The actors alternate in the roles of Man and Other Man, an interesting exercise that fits with Broken Gears' philosophy of keeping artists and audience a little on edge. Folsom and Swearingen are so good, it'd be worth seeing this show twice to compare performances.
Yes, two thumbs up for The Hand.
Another two-hander is also a two-hanky-er out at WaterTower Theatre in Addison. Shooting Star by Steven Dietz, directed by Mark Fleischer, works on the old "stuckinna" gimmick. Reed (played by James Crawford) and Elena (Diana Sheehan) are marooned in a snowed-in airport for 14 hours (the airline terminal scenery by Michael Sullivan even has a "window" overlooking the snowy tarmac). The characters were a couple in college and briefly after graduation, but they haven't seen or spoken to each other in 25 years. He's a stuffy sales exec chasing deals at the expense of family time. She's single, a yoga-loving granola cruncher who's quick with a quip. In the deserted airport lounge, they wait out the blizzard, reminiscing about the Court and Spark years of the 1970s and letting their old feelings warm up again.

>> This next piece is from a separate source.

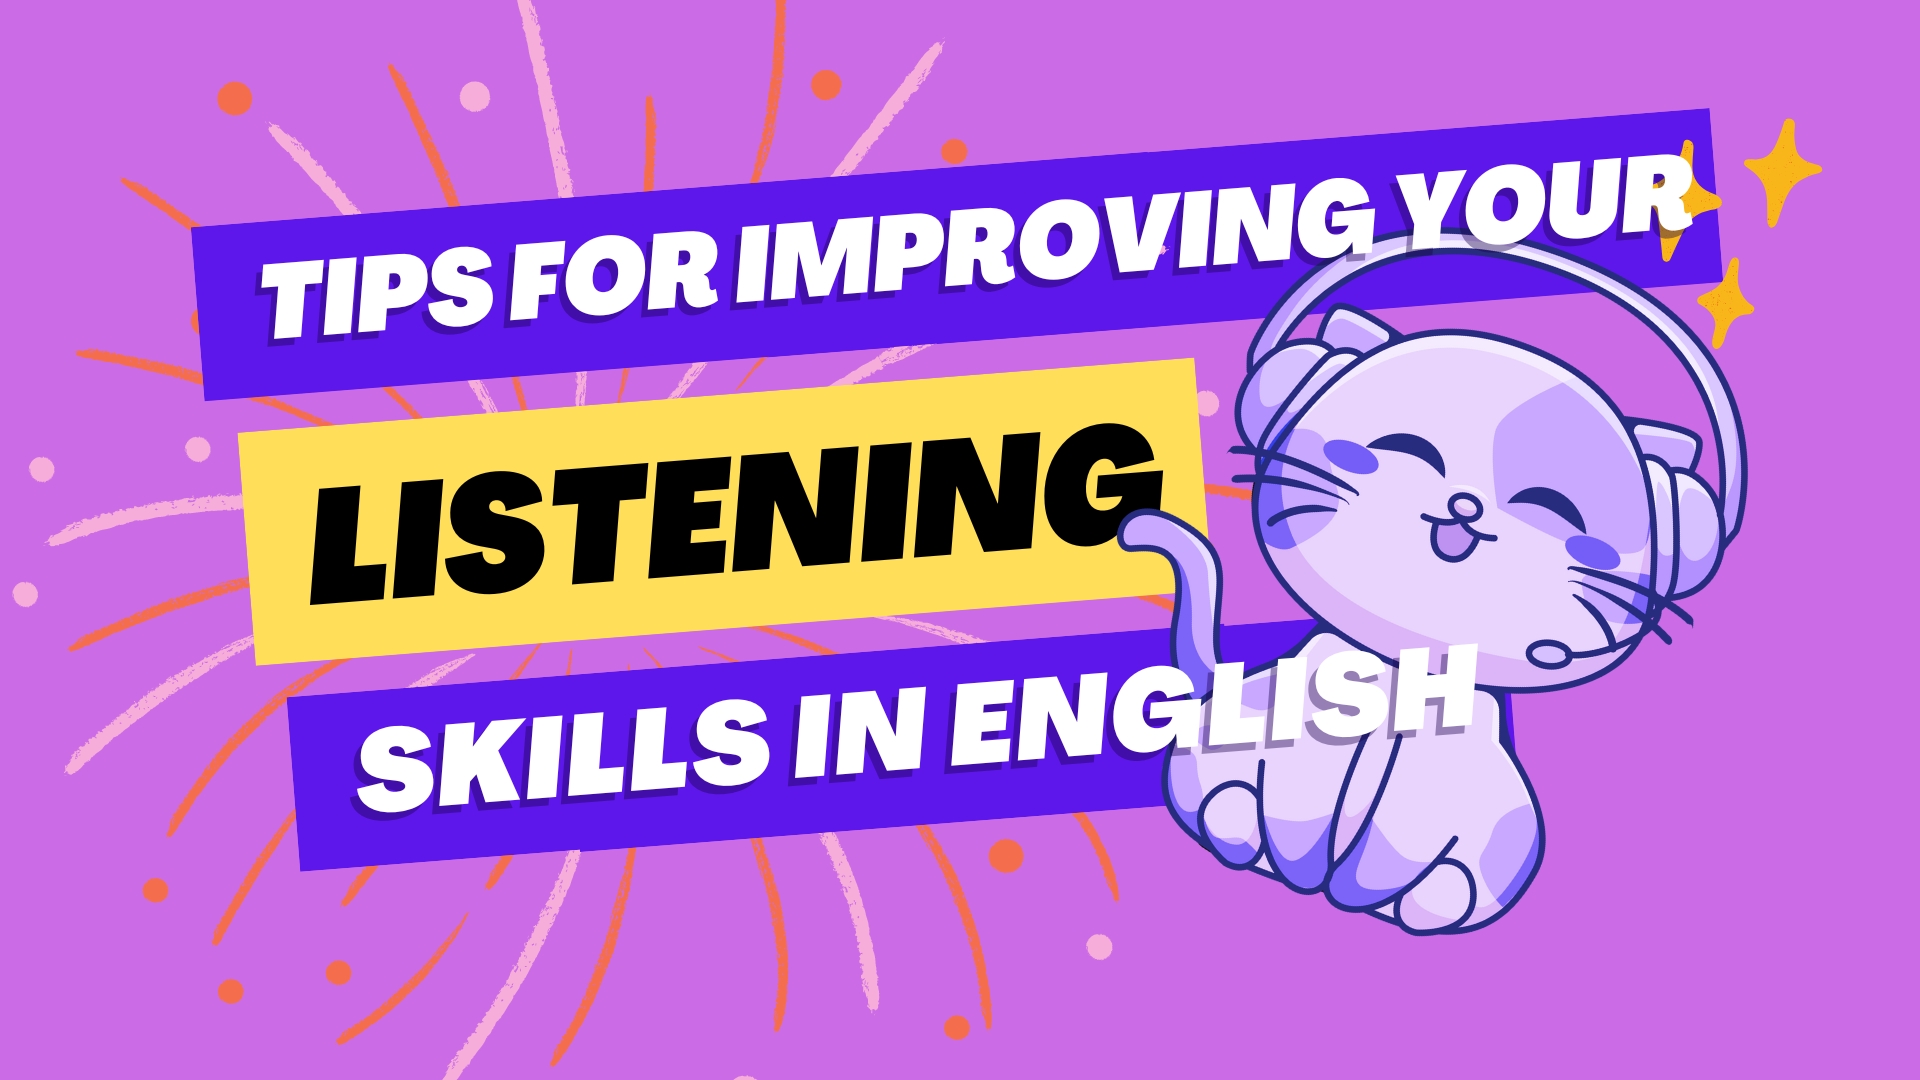 7-tips-for-improving-your-listening-skills-in-english-polyglotopia

Scriptwise, the 90-minute play is formulaic commercial schlockaroni. But darned if Crawford and Sheehan, two more terrific Dallas actors who rarely get to play romantic leads, don't bring it off and then some. They're the right ages for the roles and they bring to Reed and Elena a lovely, authentic familiarity. You can feel the spark of that old connection between these characters, like we all had, or wanted to have, with someone from our salad days.
When the snow stops falling and they have to say goodbye and fly away from each other, it's sweet and sad. Sniff, sniff. It got me.

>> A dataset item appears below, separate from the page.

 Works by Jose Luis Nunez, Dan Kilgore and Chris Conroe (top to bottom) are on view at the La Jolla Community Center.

The best part of Abraham Lincoln's Big Gay Dance Party is the title. A hit at the 2009 New York International Fringe Festival, the play by Aaron Loeb is getting its local premiere with the amateur company Level Ground Arts, which uses the stage at the Kim Dawson Theatre.
Little of this production captures the antic, satiric tone of what should be a faster-moving farce. The show is divided into three long acts, each telling the same story—about a small-town Illinois teacher on trial for teaching 9-year-olds that Honest Abe's love for friend Joshua Speed had lavender overtones—from a different character's perspective. A member of the audience is tasked with deciding whose POV goes first and second. Between scenes, the cast dances around the stage in awkward ants-in-their-pants choreography. Cue eye-roll sequence in 3-2-1.

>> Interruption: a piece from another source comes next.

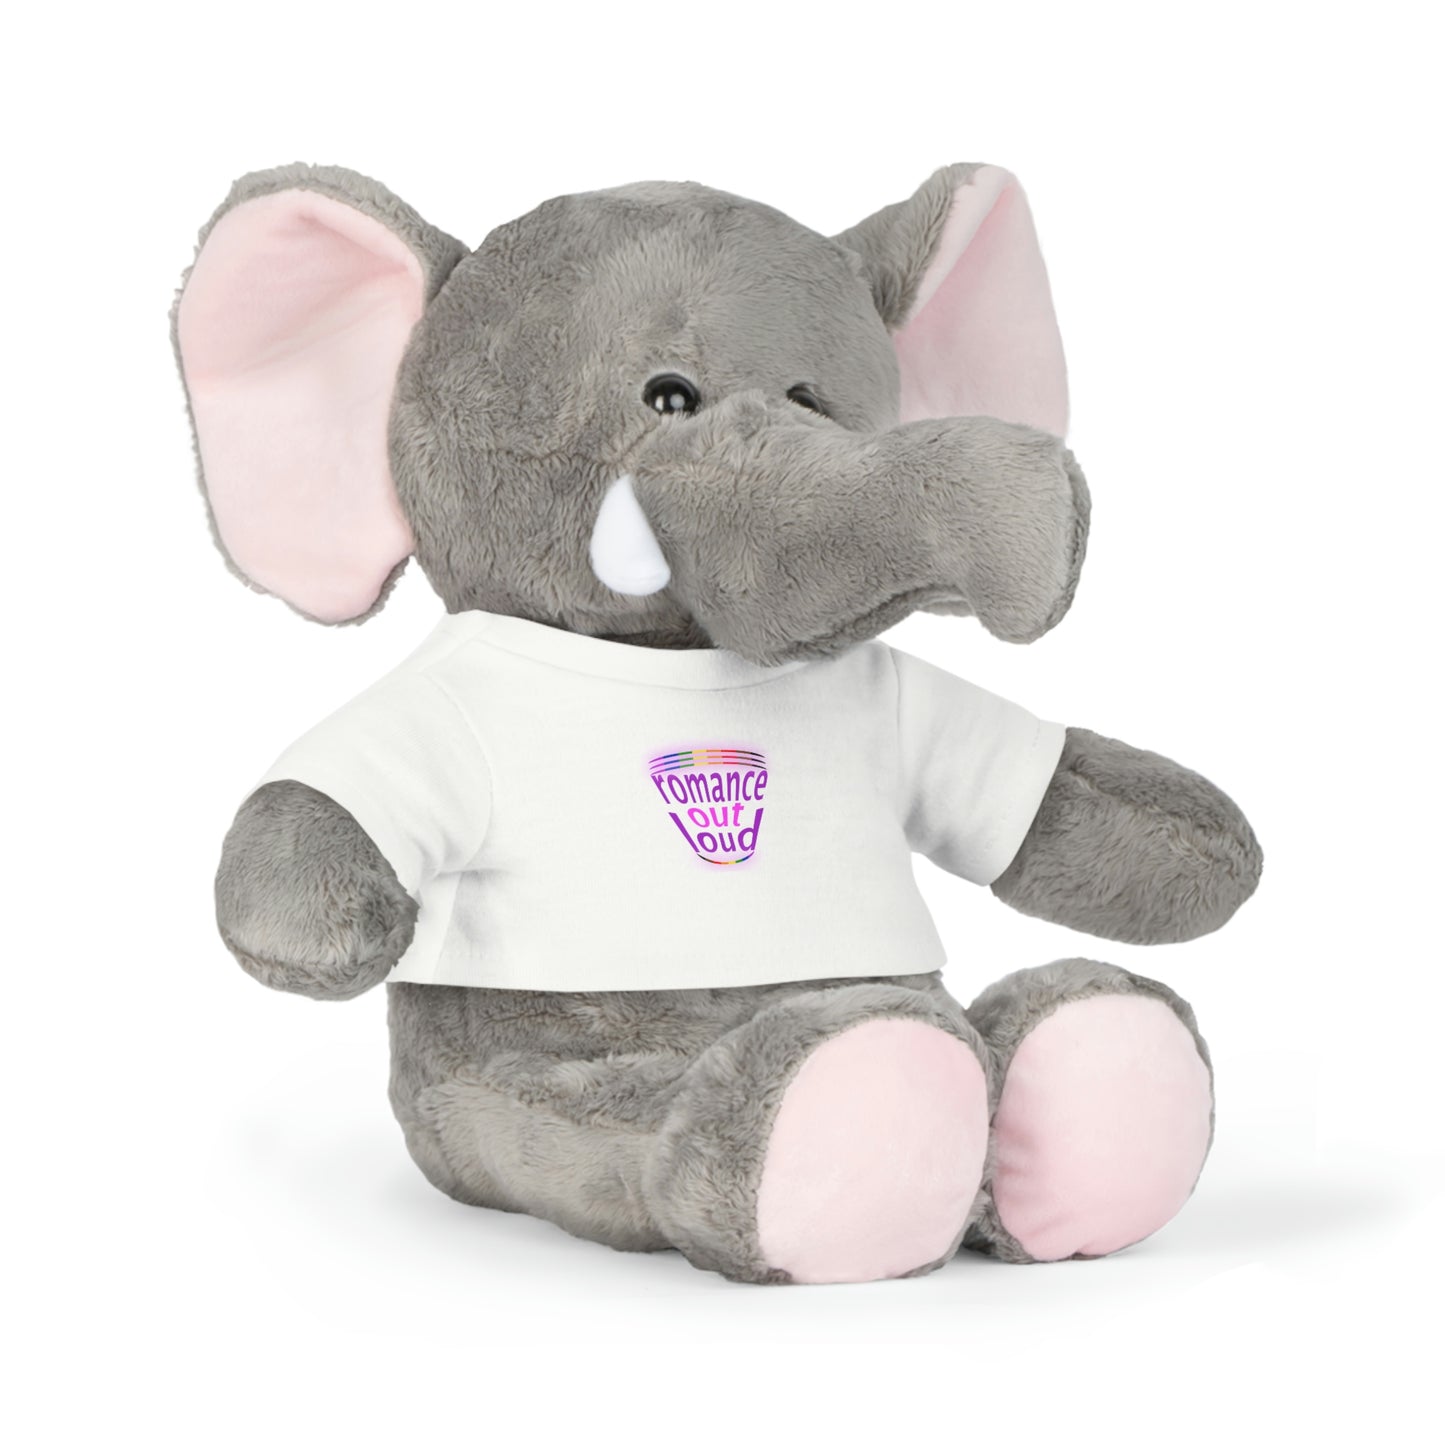 Plush Toy with T-Shirt (White)

Director Warner Jacobi has a couple of good actors in his cast. Allen Mathews exhibits a well-honed Ned Beatty bluster as a red-state politician/prosecutor trying to make political hay out of homophobia. Dick Monday, playing numerous roles, including the 16th president, is head-to-toe funny every minute he's visible. Some other members of the large ensemble, who will go nameless here, should investigate taking some acting classes.
The amateur status of Level Ground Arts is evident in the cardboard scenery, splotchy lighting and poor direction. Actors line up single file across the stage (always the sign of the non-pro theater troupe), and they frequently turn their backs and talk to the back wall.
Testing patience even further, the broad comedy too often lapses into heavy polemic speechifying. Valid points are made about intolerance and the rights of gays and ethnic minorities, but playwright Loeb is no Larry Kramer. He's not even Cosmo Kramer.
Running just under three hours, Abraham Lincoln's Big Gay Dance Party could cut half its dialogue and most of its dancing and be twice as funny. Four score and seven minutes' worth sounds just about right.